There's a wonderfully gothic character in Diana, the mysterious woman whose path Edward has crossed before and whose presence at Chapman's shelter heralds tragedy and terror that threaten the two men's friendship ... and more serious consequences besides.

Darby, a graduate of Oxford herself, paints an atmospheric portrait of Oxford's seedier side, Jericho, a Dickensian stew of shadowy alleys, tenement slums and streetwalkers to rival the more over-used Whitechapel. Darby populates her world with credible characters which demand emotional involvement even as she hurtles them towards the tragic climax that her chosen genre demands. And the grotesques with which she seasons the narrative are just the right side of believable while adding welcome colour and depth to her Jericho.

Darby pulls off a masterful balancing act with her careful prose. For modern readers, the textual gymnastics of some Victorian writers, especially those leaning towards melodrama, can be tiring on the eyes.

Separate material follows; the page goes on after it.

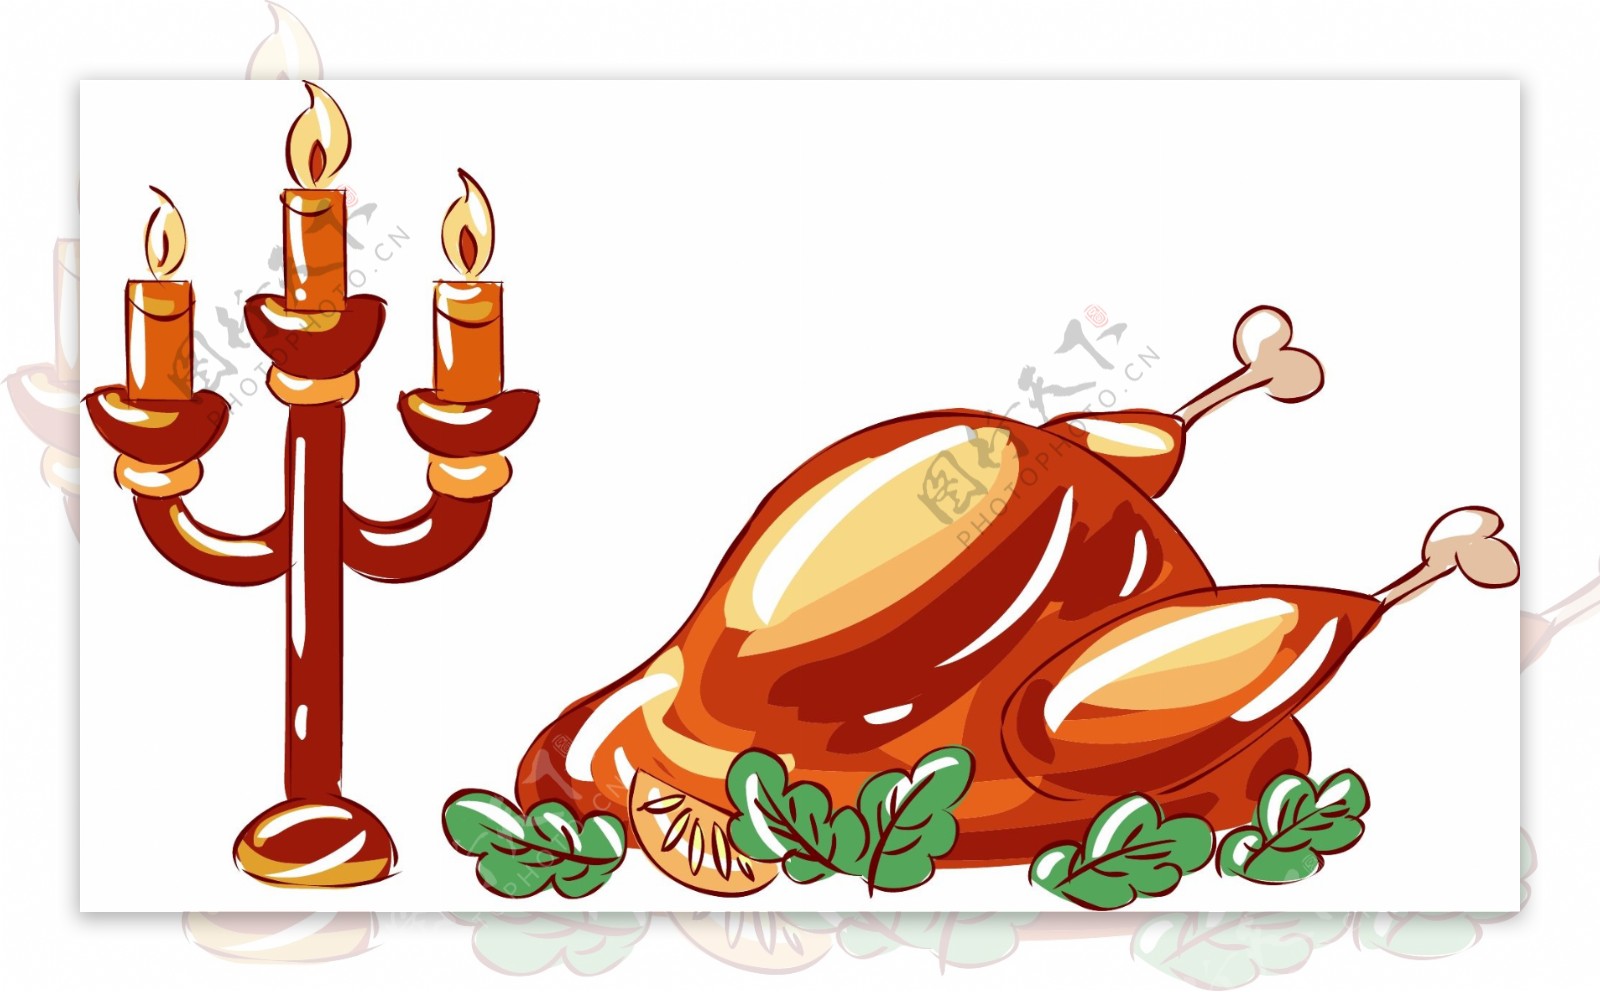 感恩节手绘美食卡通火鸡

Darby manages to retain the flavour of the authors she so obviously admires – Wilkie Collins, Arthur Conan Doyle – but at the same time establishes her own voice and creates a contemporary narrative.

It's a rare achievement, and it will be interesting to see whether Darby continues in this "new Victoriana" vein for her next trick, or turns her obviously considerable talent to something new.